What is you JetPack version? I’m my case, I’m starting to think I’ll have to upgrade to JetPack 5.1.2

Here is my system.

  • NVIDIA GPU or System : JETSON TX2
  • NVIDIA Software Version : Jetpack 4.6.4, python 3.6.9, cuda10.2
    *OS Ubuntu 18.04.6

Could you please let me know if it works in Jetpack 5.1.2?

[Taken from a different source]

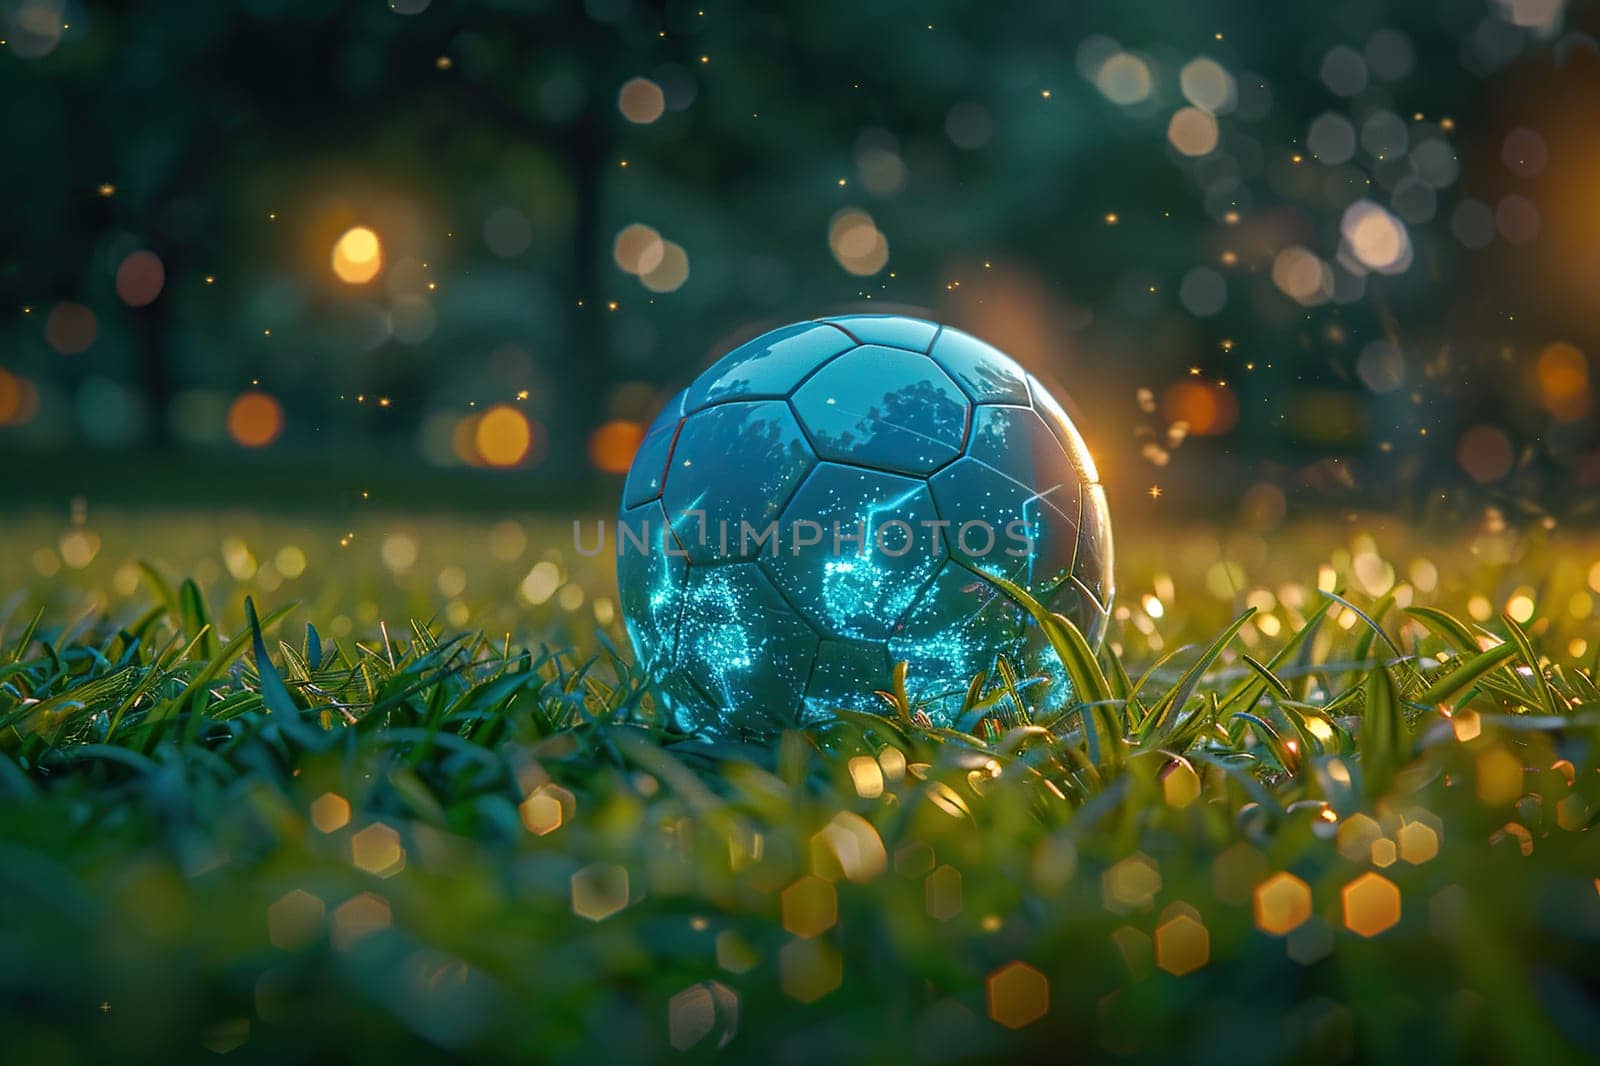 Neon soccer ball on green grass.

doesn’t look like out-of-memory on tegrastats. So far no luck installing tinycudann on Jetpack 5.1-b147 ( Orin AGX, Ubuntu 20.04, aarch64), so I am too wondering if it supported on Jetson.

1 Like

Hi,

Sorry for the late update.

We just confirmed that Virtual Memory Management is not supported on the TX2 device.
Based on the document below:

We add the query code to the /usr/local/cuda-10.2/samples/1_Utilities/deviceQueryDrv sample:
And got the answer=NO which indicates the feature is not supported on the TX2.

int deviceSupportsVmm;
CUresult result = cuDeviceGetAttribute(&deviceSupportsVmm, CU_DEVICE_ATTRIBUTE_VIRTUAL_ADDRESS_MANAGEMENT_SUPPORTED, dev);
printf("  Supports Virtual Memory Management:            %s\n", deviceSupportsVmm ? "Yes" : "No")

Thanks.

This topic was automatically closed 14 days after the last reply. New replies are no longer allowed.